配置读取器与写入器正好相反。其主要工作是验证 YAML 文件的配置是否正确,然后提供访问其参数的方法。例如:

<?php
require_once 'vendor/autoload.php';

// will throw an exception if it's not valid
$reader = new Edyan\Neuralyzer\Configuration\Reader('neuralyzer.yml');
$tables = $reader->getEntities();

数据库匿名化工具

目前唯一可用的匿名化工具是数据库匿名化工具。它期望一个 PDO 对象和一个配置读取器对象。

<?php

require_once 'vendor/autoload.php';

// Create a container
$container = Edyan\Neuralyzer\ContainerFactory::createContainer();
$expression = $container->get('Edyan\Neuralyzer\Utils\Expression');
// Configure DB Utils, required
$dbUtils = $container->get('Edyan\Neuralyzer\Utils\DBUtils');
// See Doctrine DBAL configuration :
// https://www.doctrine-project.org/projects/doctrine-dbal/en/2.7/reference/configuration.html
$dbUtils->configure([
    'driver' => 'pdo_mysql',
    'host' => '127.0.0.1',
    'dbname' => 'test_db',
    'user' => 'root',
    'password' => 'root',
]);

$db = new \Edyan\Neuralyzer\Anonymizer\DB($expression, $dbUtils);
$db->setConfiguration(
    new \Edyan\Neuralyzer\Configuration\Reader('neuralyzer.yml')
);

初始化后,匿名化表的以下方法是:

<?php
public function processEntity(string $entity, callable $callback = null): array;

参数

  • Entity:例如表名(必需)
  • Callback(可调用/可选)例如使用进度条等

可以通过调用以下方法设置一些选项:

<?php
// Limit of fake generated records for updates and creates.
// Default : 0 = everything to update / nothing to insert
public function setLimit(int $limit);
// Don't do anything, default true
public function setPretend(bool $pretend);
// Return or not a result, default false
public function setReturnRes(bool $returnRes);

完整示例

<?php

require_once 'vendor/autoload.php';

// Create a container
$container = Edyan\Neuralyzer\ContainerFactory::createContainer();
$expression = $container->get('Edyan\Neuralyzer\Utils\Expression');
// Configure DB Utils, required
$dbUtils = $container->get('Edyan\Neuralyzer\Utils\DBUtils');
// See Doctrine DBAL configuration :
// https://www.doctrine-project.org/projects/doctrine-dbal/en/2.7/reference/configuration.html
$dbUtils->configure([
    'driver' => 'pdo_mysql',
    'host' => 'mysql',
    'dbname' => 'test_db',
    'user' => 'root',
    'password' => 'root',
]);

$reader = new \Edyan\Neuralyzer\Configuration\Reader('neuralyzer.yml');

$db = new \Edyan\Neuralyzer\Anonymizer\DB($expression, $dbUtils);
$db->setConfiguration($reader);
$db->setPretend(false);
// Get tables
$tables = $reader->getEntities();
foreach ($tables as $table) {
    $total = $dbUtils->countResults($table);

    if ($total === 0) {
        fwrite(STDOUT, "$table is empty" . PHP_EOL);
        continue;
    }
    fwrite(STDOUT, "$table anonymized" . PHP_EOL);

    $db->processEntity($table);
}

预操作和后操作

您可以为 pre_actionspost_actions 设置一个数组,这些操作将在 neuralyzer 开始匿名化实体之前和之后执行。

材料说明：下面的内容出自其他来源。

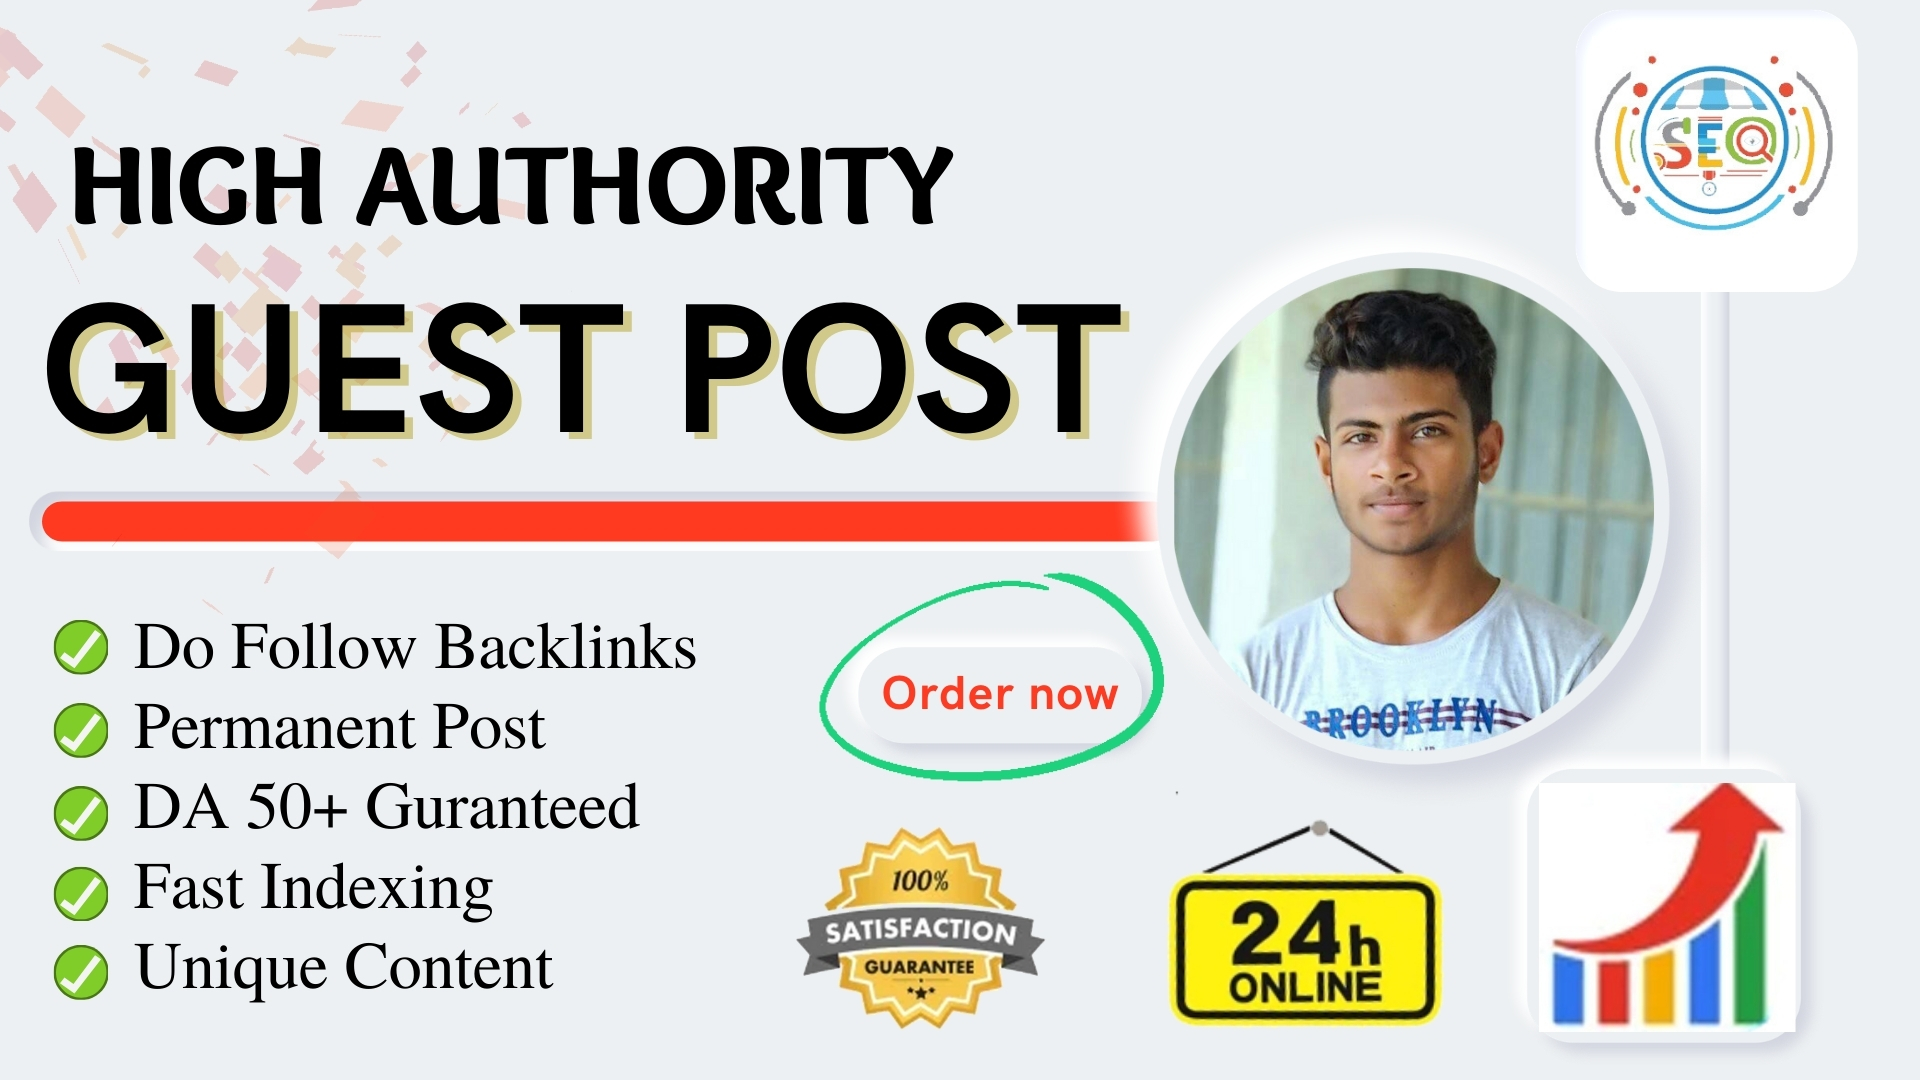 I will create high authority guest post within 24 hours

这些操作实际上是 symfony 表达式(请参阅 Symfony 表达式语言),它们依赖于 服务。这些服务从 Service/ 目录加载。

目前只有一个服务:Database,它包含一个可用的方法 query,可按以下方式使用:db.query("DELETE FROM table")

配置参考

bin/neuralyzer config:example 提供了一个默认配置,其中所有参数都有解释

config:

    # Set the guesser class
    guesser:              Edyan\Neuralyzer\Guesser

    # Set the version of the guesser the conf has been written with
    guesser_version:      '3.0'

    # Faker's language, make sure all your methods have a translation
    language:             en_US

    # List all entities, theirs cols and actions
    entities:             # Required, Example: people

        # Prototype
        -

            # Either "update" or "insert" data
            action:               update

            # Should we delete data with what is defined in "delete_where" ?
            delete:               ~ # Deprecated (delete and delete_where have been deprecated. Use now pre and post_actions)

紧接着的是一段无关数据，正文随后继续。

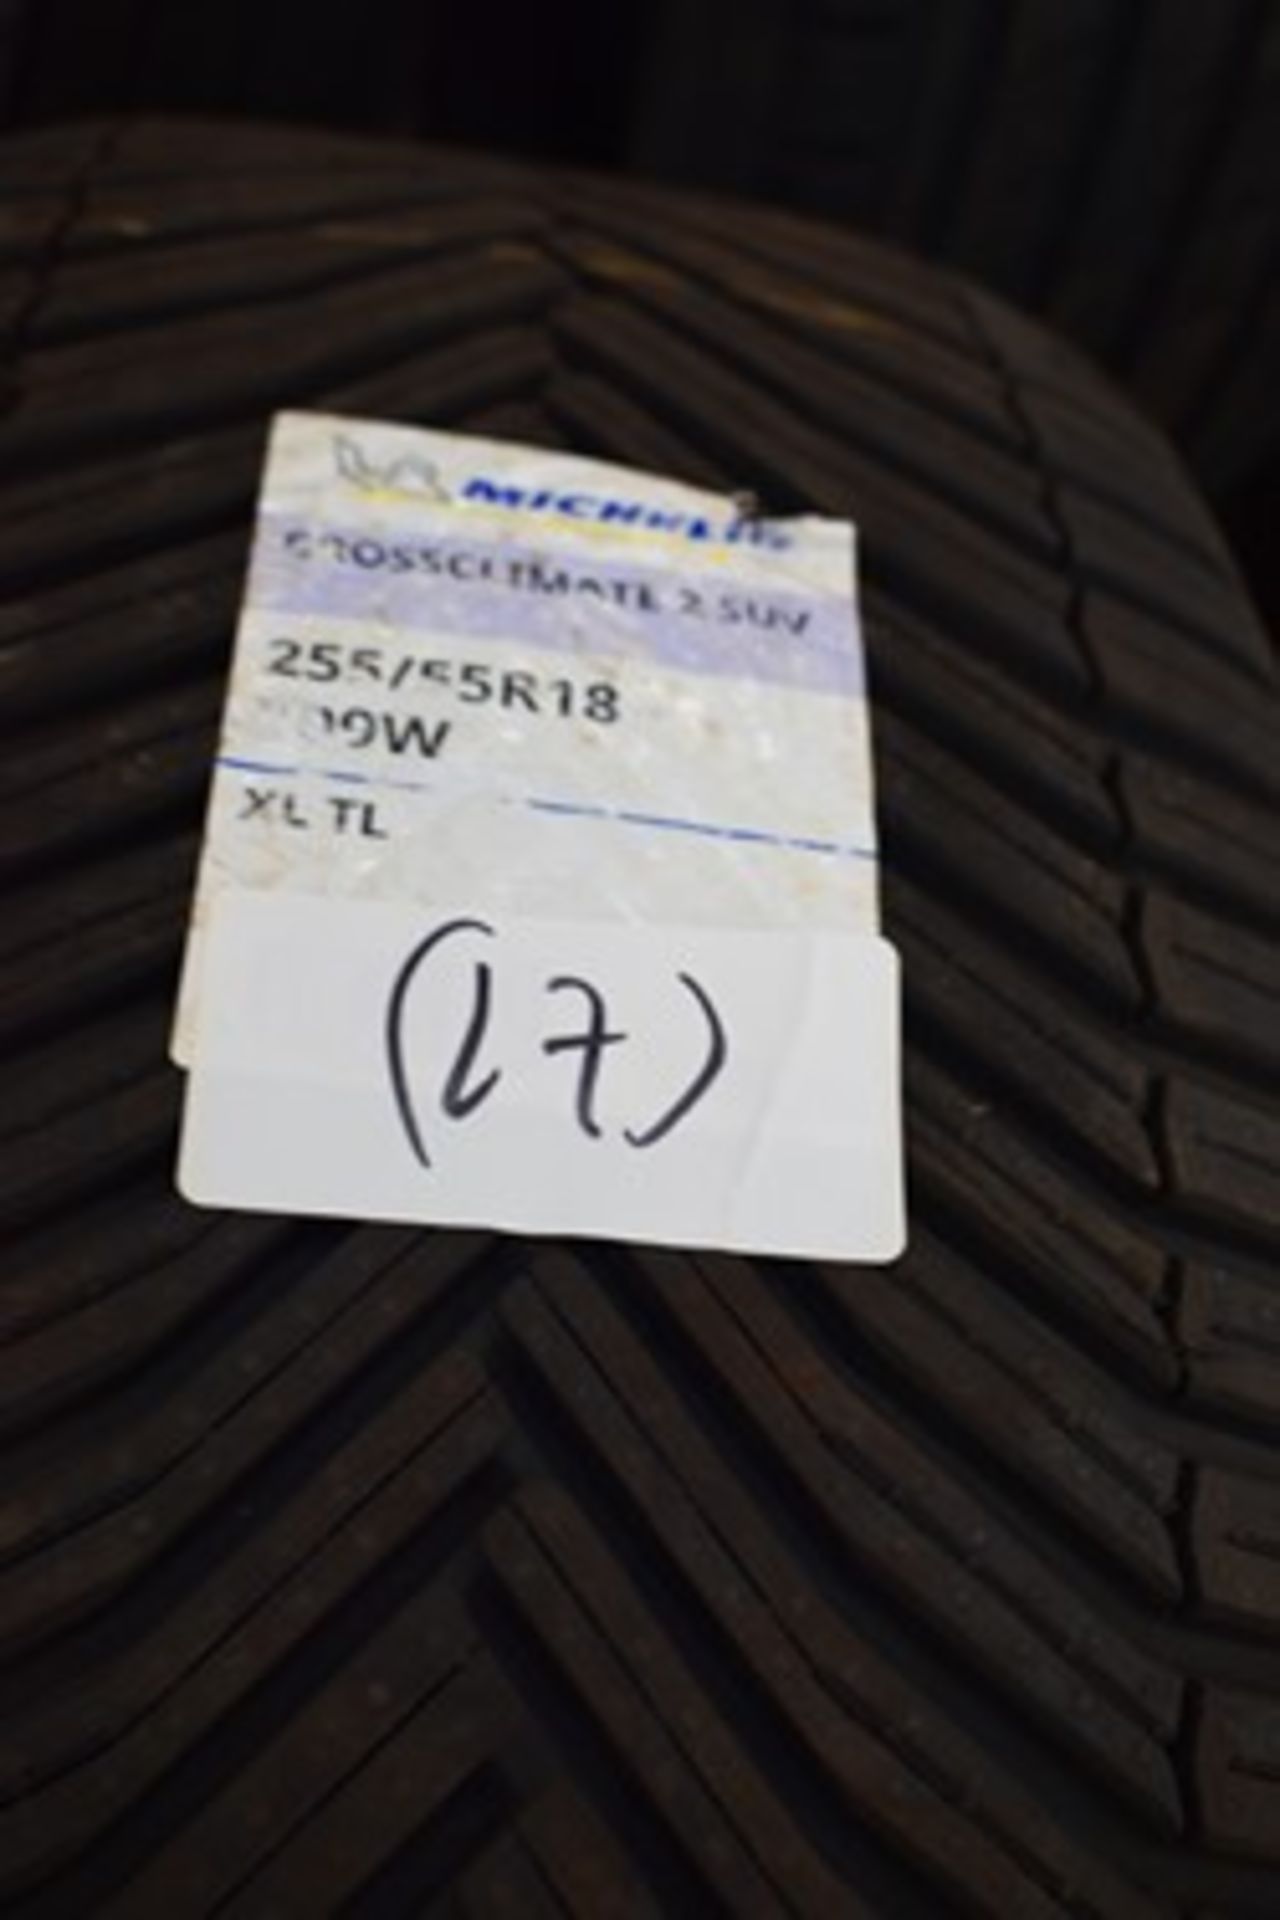 1 x Michelin Cross Climate 2 SUV tyre, size 255/55R18 109W XL TL - new with label (C2)(17)

            # Condition applied in a WHERE if delete is set to "true"
            delete_where:         ~ # Deprecated (delete and delete_where have been deprecated. Use now pre and post_actions), Example: '1 = 1'
            cols:

                # Examples:
                first_name:
                    method:              firstName
                last_name:
                    method:              lastName

                # Prototype
                -

                    # Faker method to use, see doc : https://fakerphp.github.io/
                    method:               ~ # Required

                    # Set this option to true to generate unique values for that field (see faker->unique() generator)
                    unique:               false

                    # Faker's parameters, see Faker's doc
                    params:               []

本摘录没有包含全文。